Assignment: Everything from the line containing "article about education tagalog" to the last line of the material below must be retyped exactly, both ends included; skip the pictures.

Information supplied:
:::::

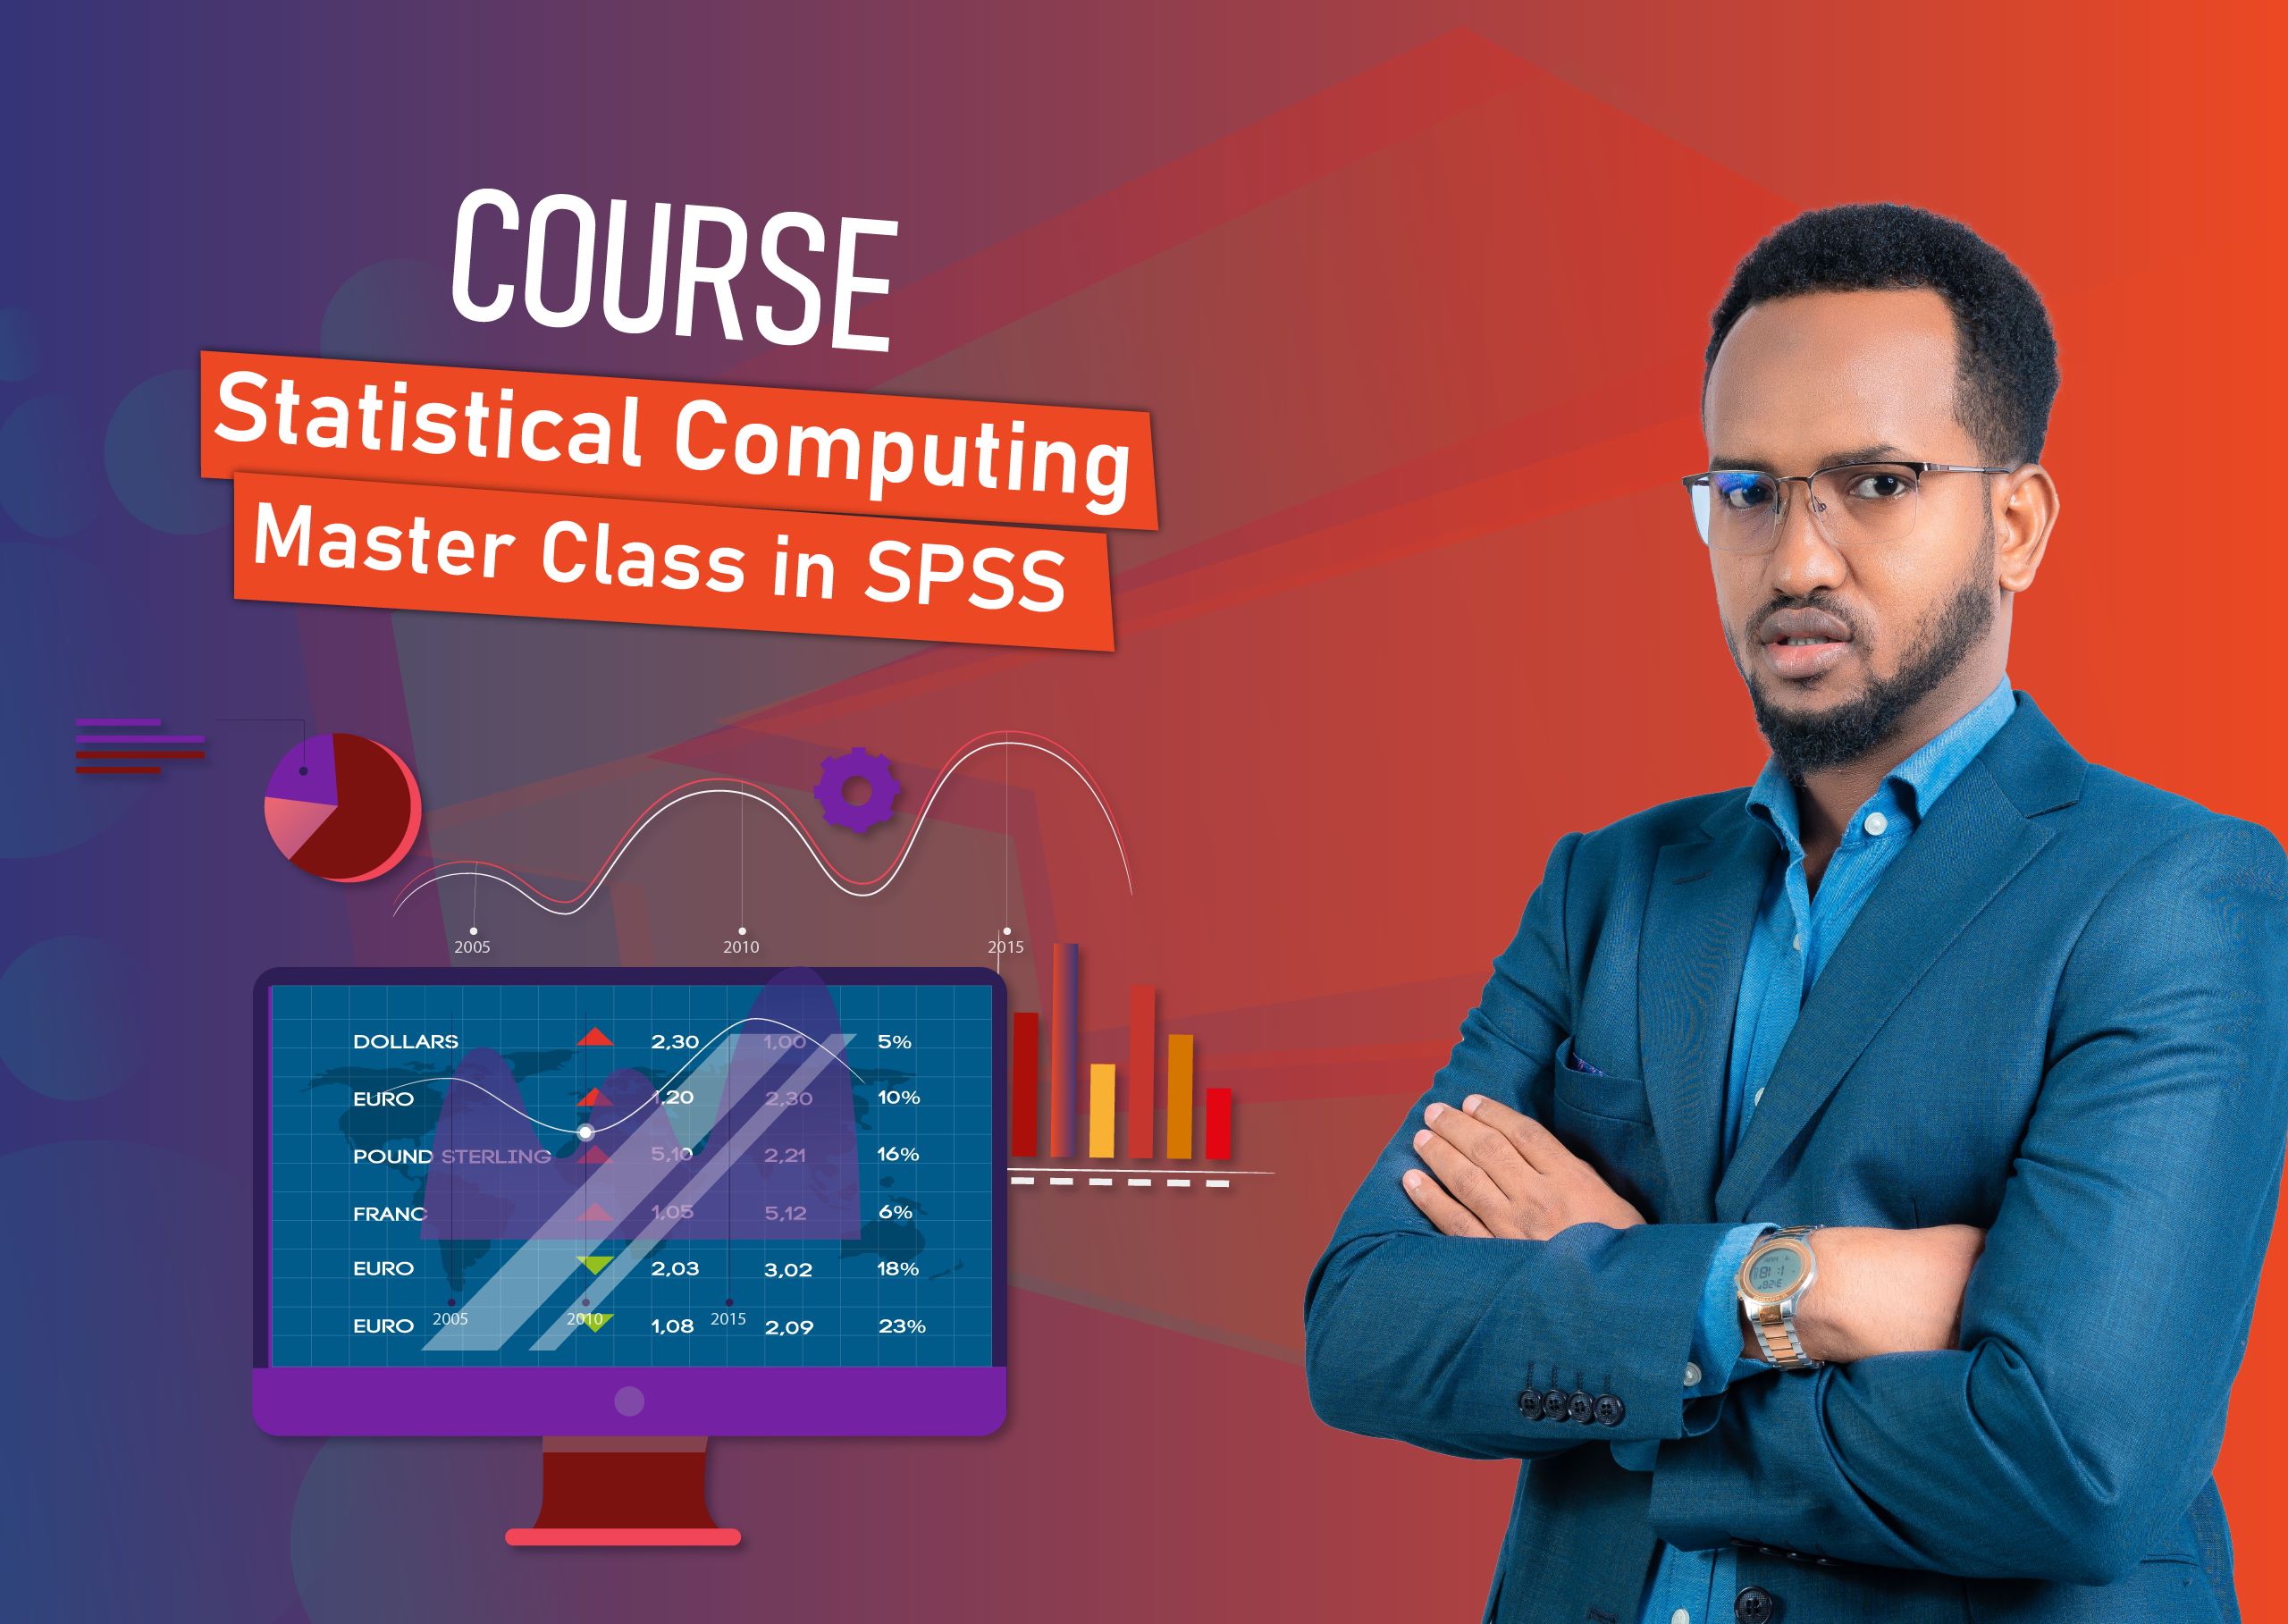 Statistical Computing Master Class in SPSS
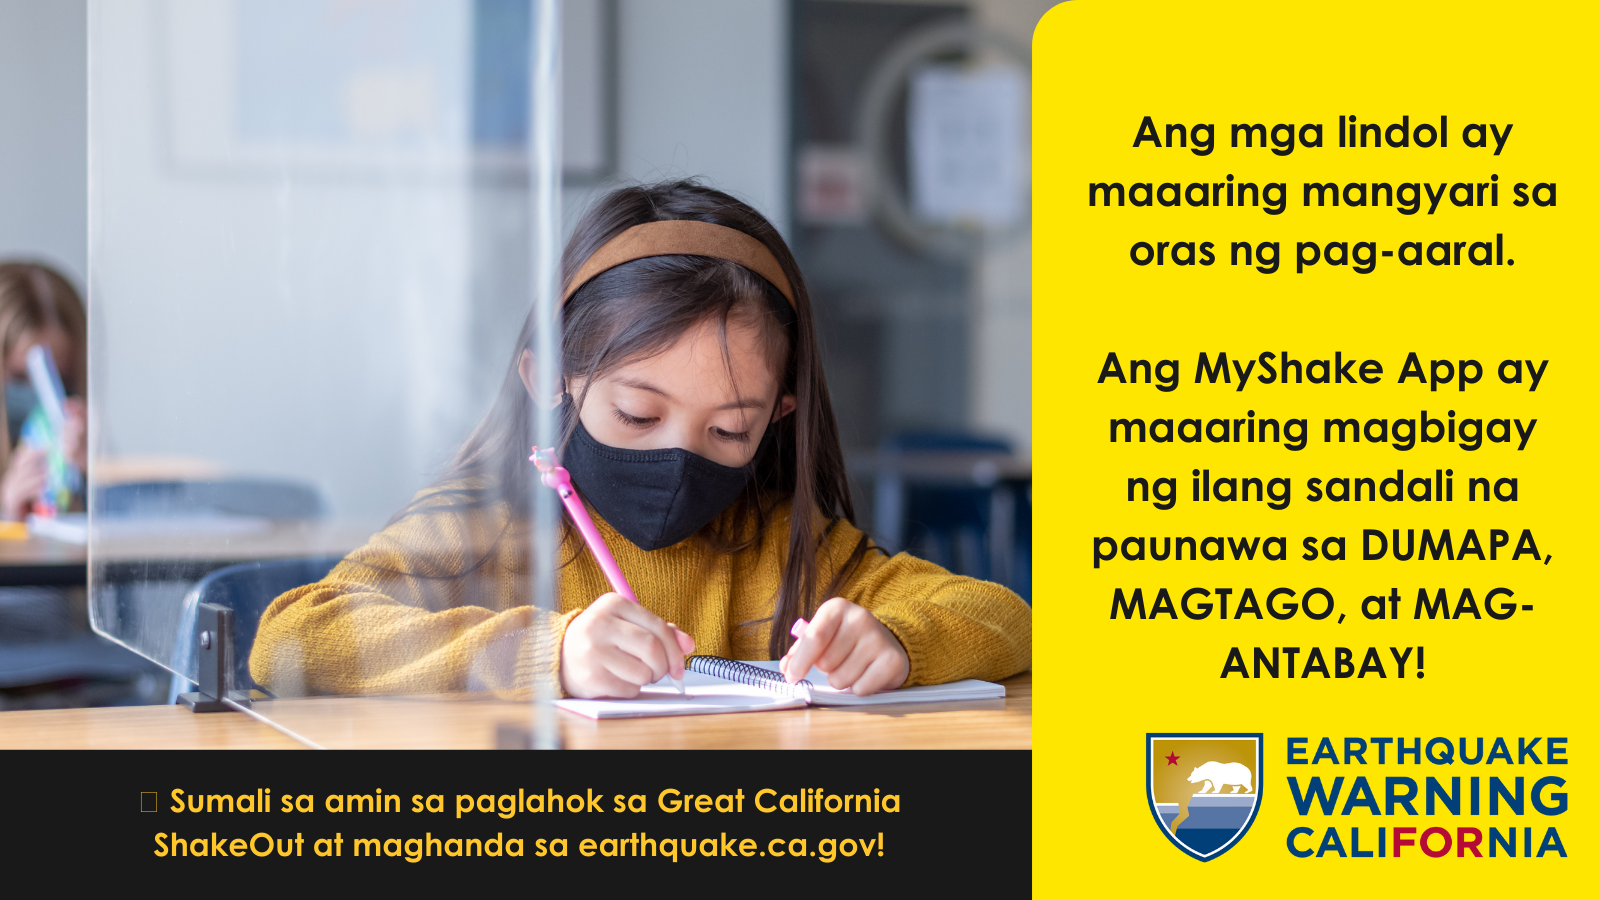 article about education tagalog
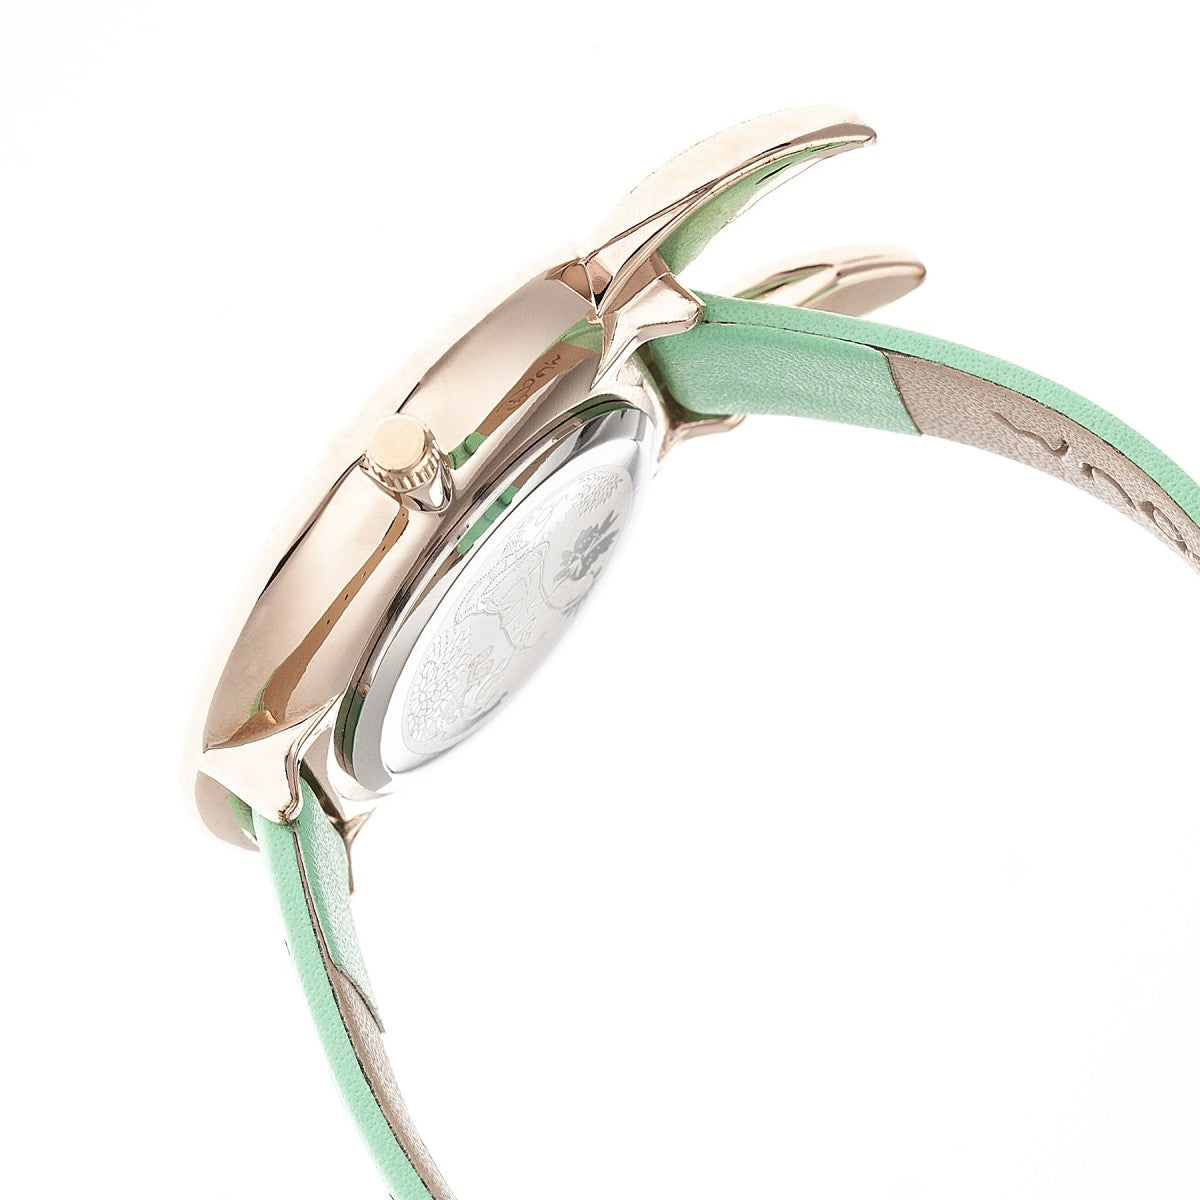 Boum Hotesse Bunny-Accent Leather-Band Watch - Rose Gold/Mint - BOUBM3505

:::::

Answer for this exercise:
 article about education tagalog
 Boum Hotesse Bunny-Accent Leather-Band Watch - Rose Gold/Mint - BOUBM3505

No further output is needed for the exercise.